- **Work request**:
Omit all pictures. Quote the lines from the one with "Karnataka PSC Computer" through the end of the listing below, exactly as they appear.

- **Information supplied**:
=-=-=

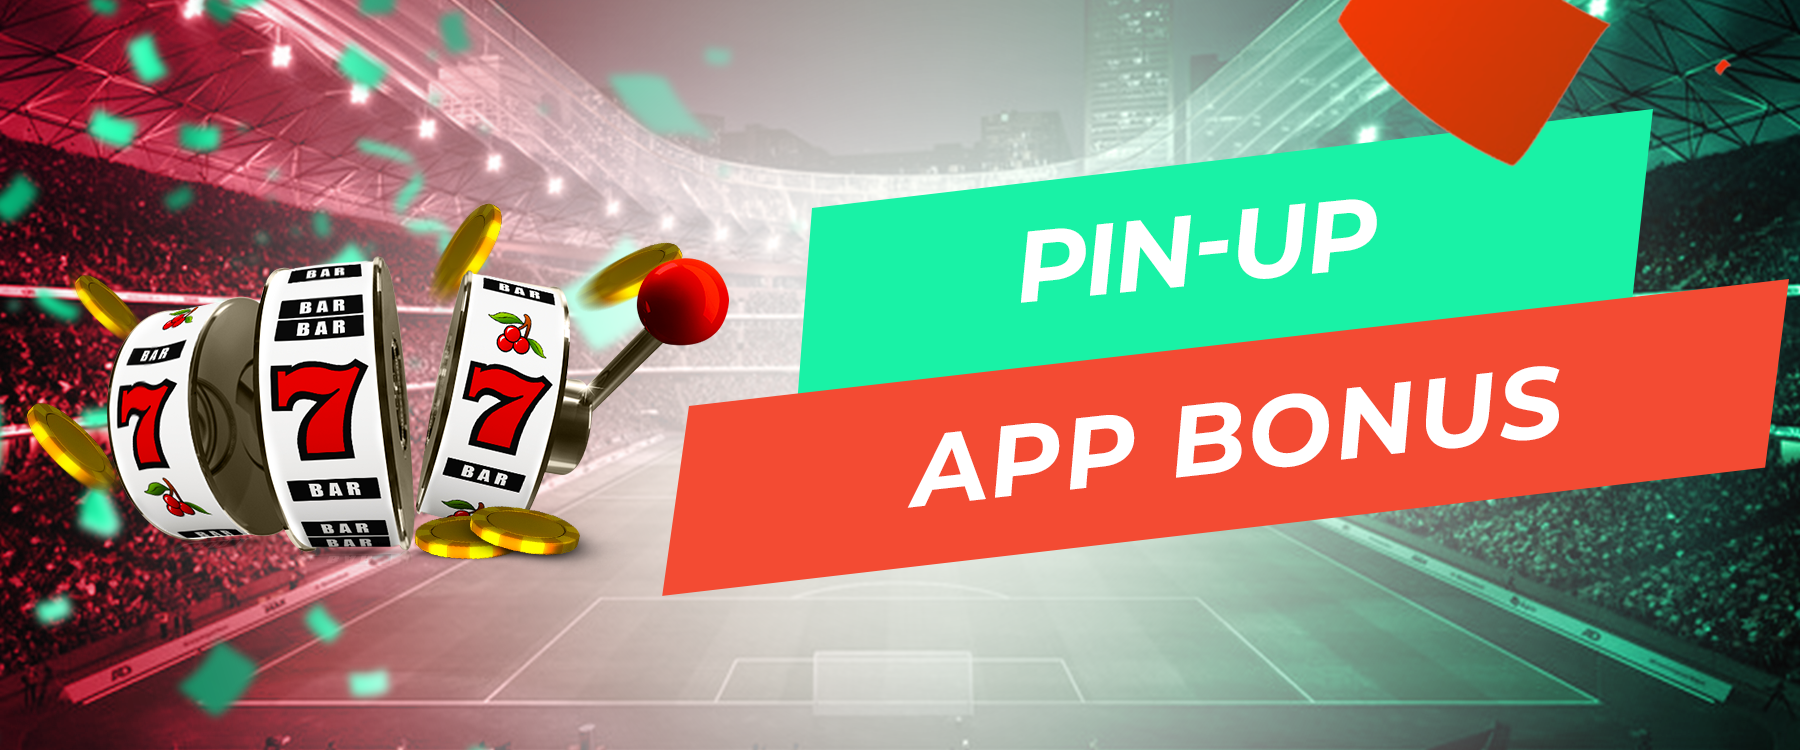 Pin-up App Bonuses
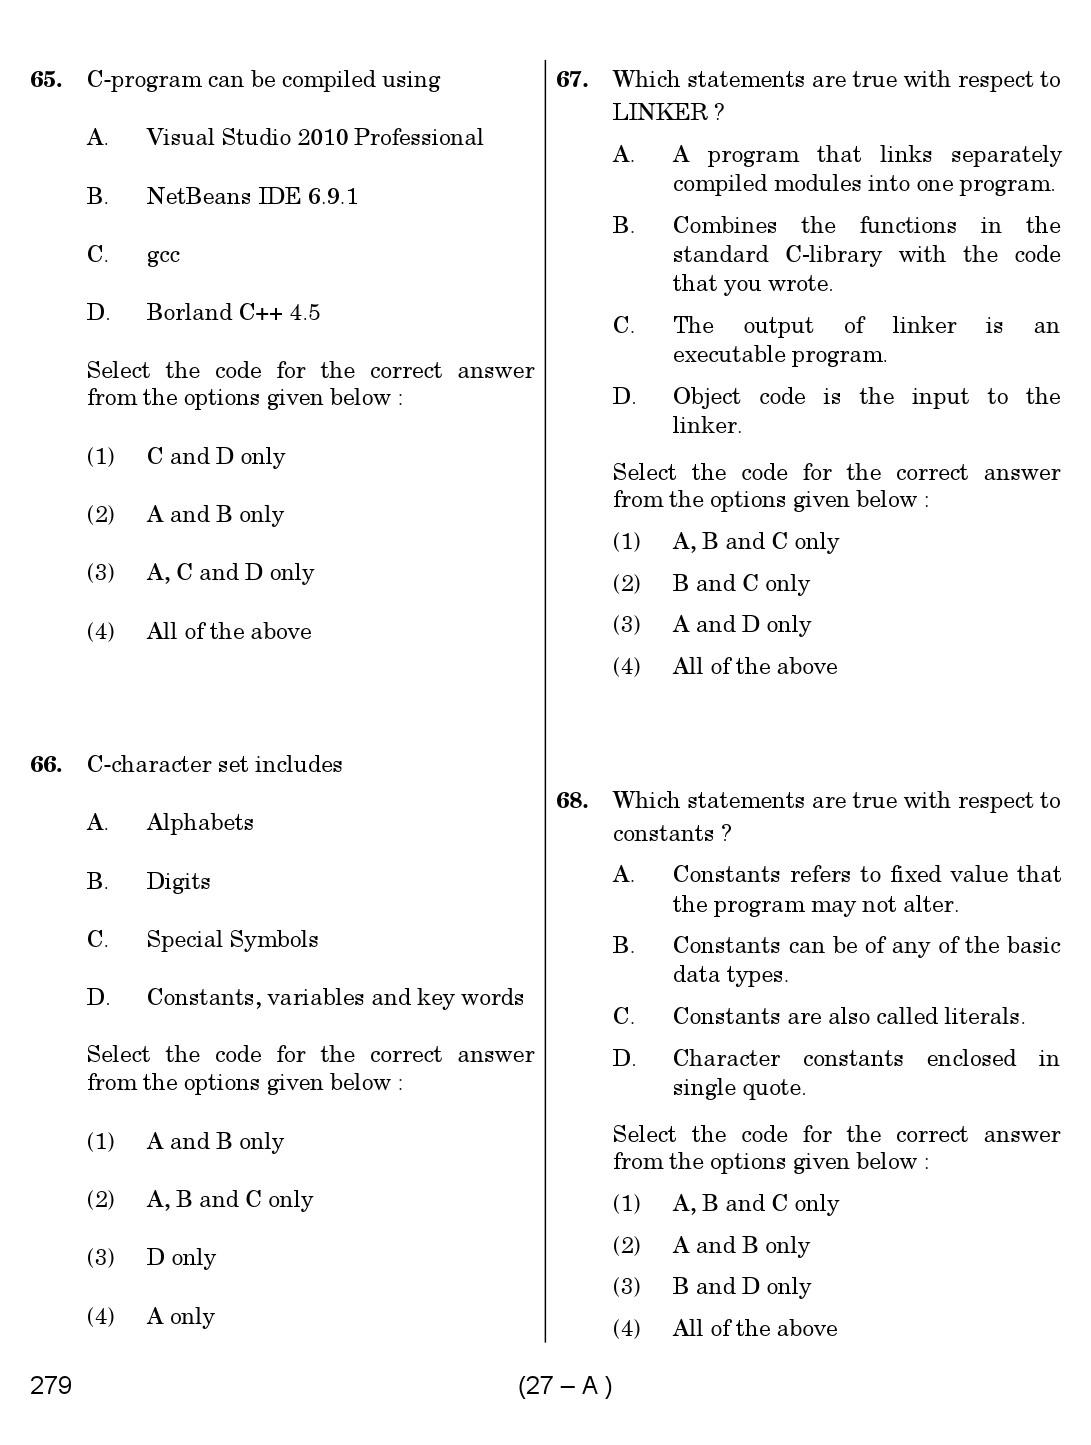 Karnataka PSC Computer Science Teachers Exam Sample Question Paper Subject code 279 27
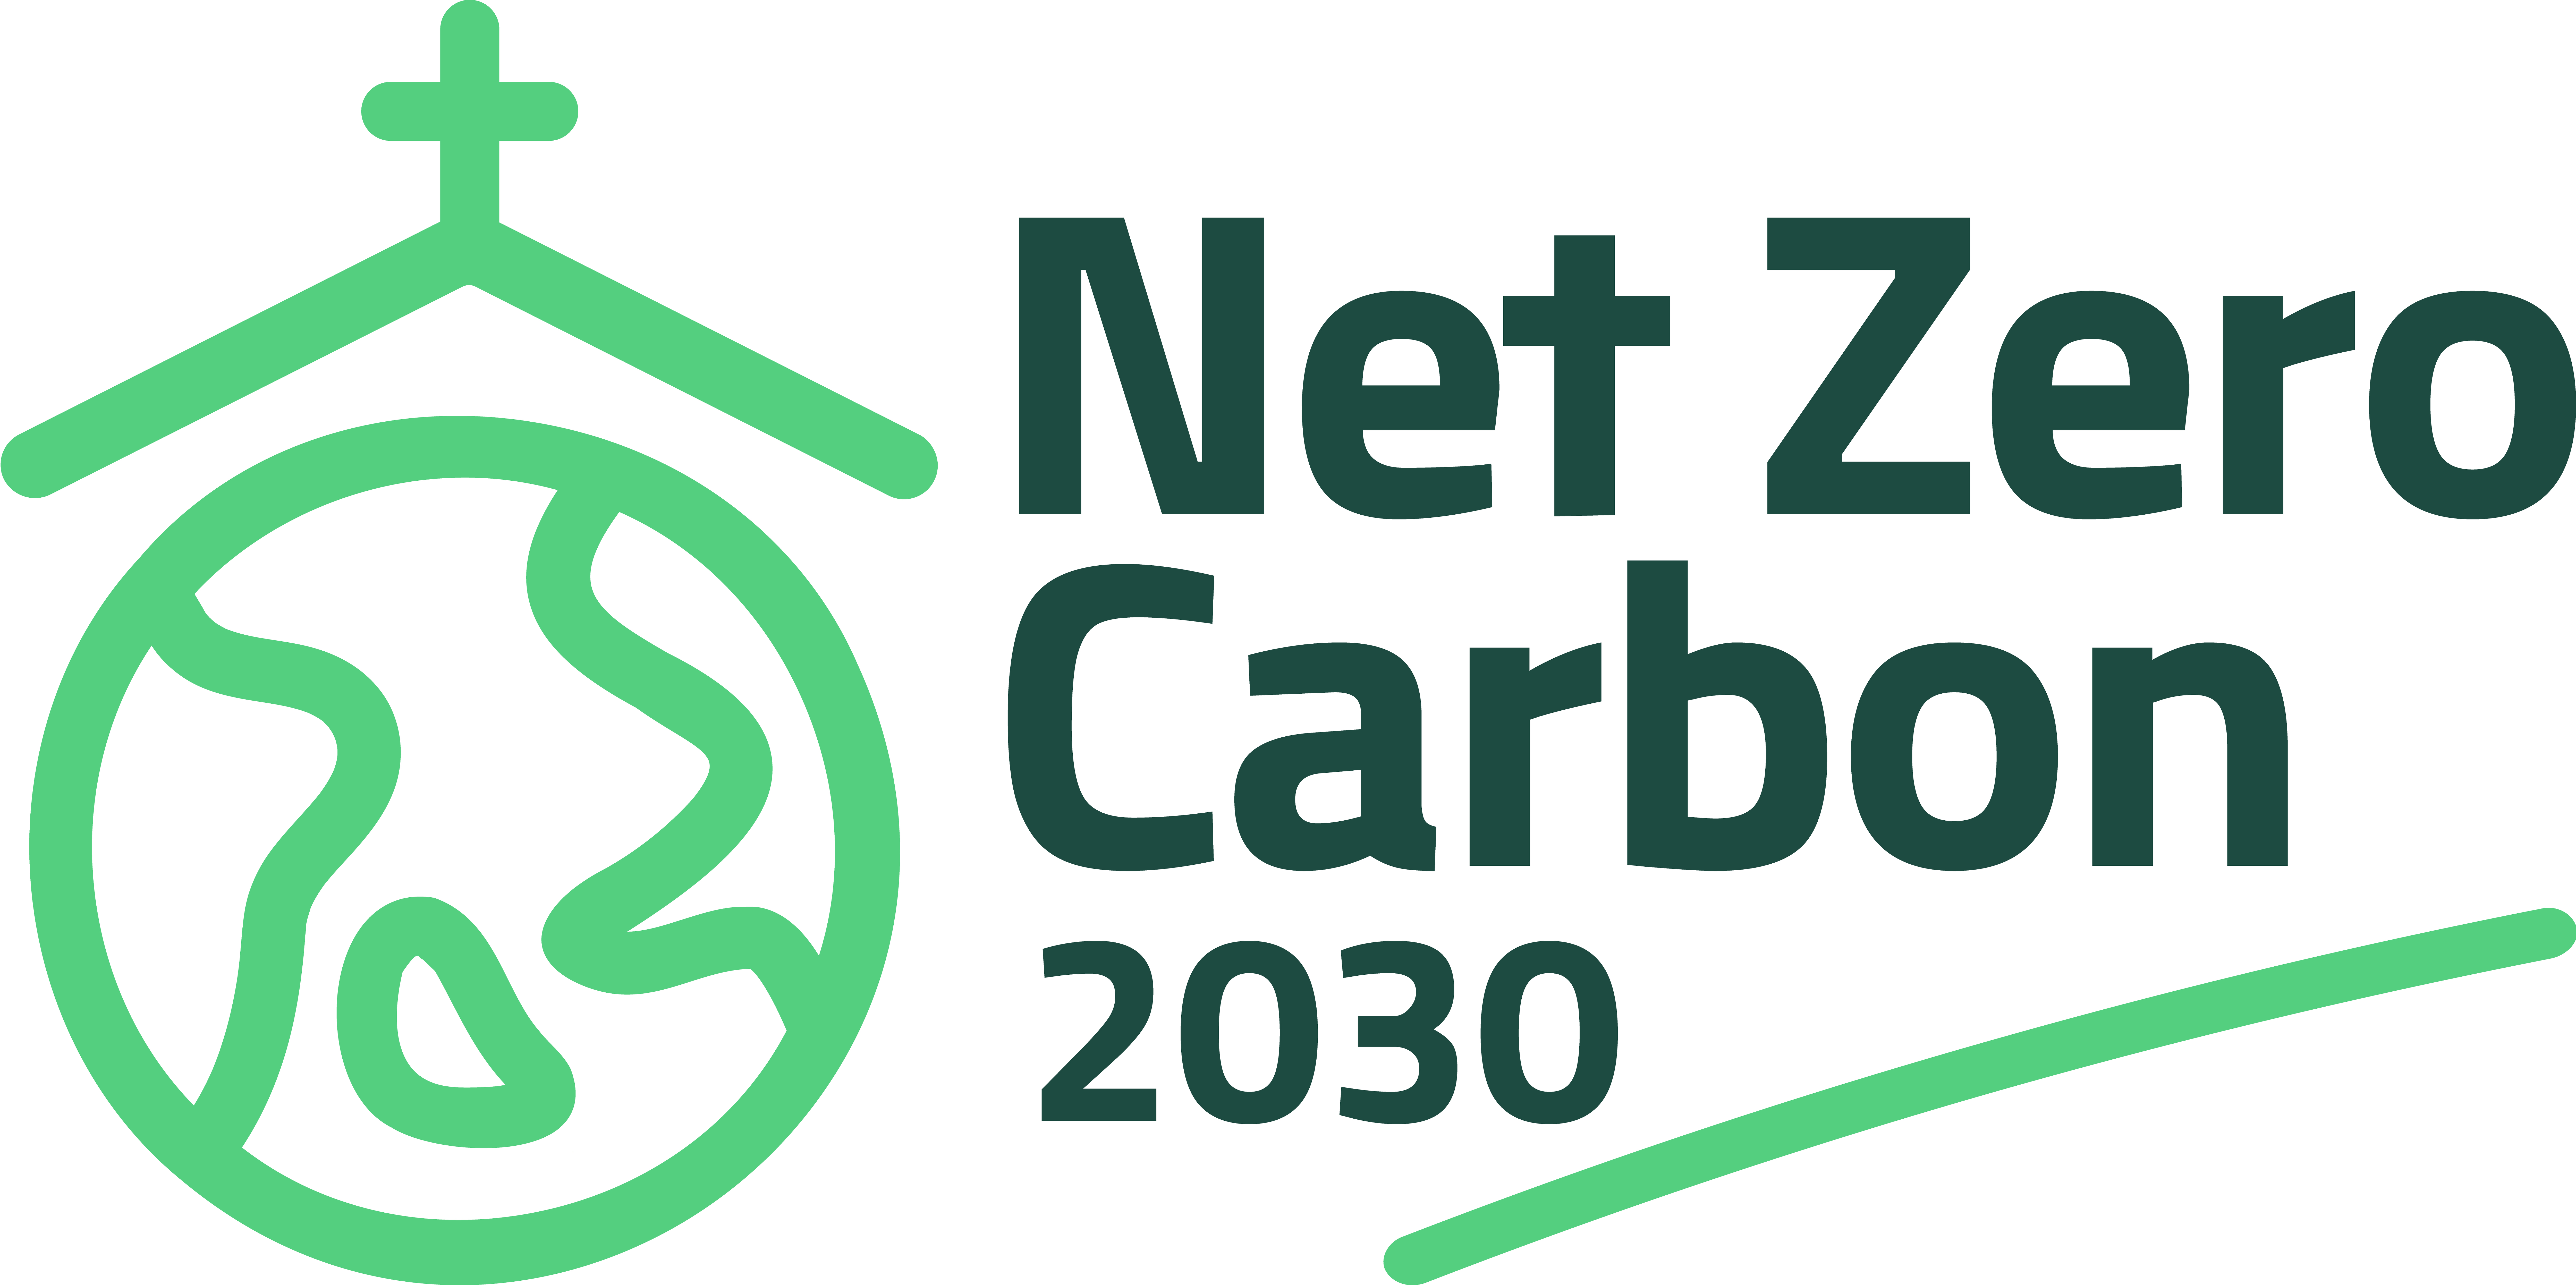 Net Zero Carbon by 2030

=-=-=

- **Solution for this task**:
 Karnataka PSC Computer Science Teachers Exam Sample Question Paper Subject code 279 27
 Net Zero Carbon by 2030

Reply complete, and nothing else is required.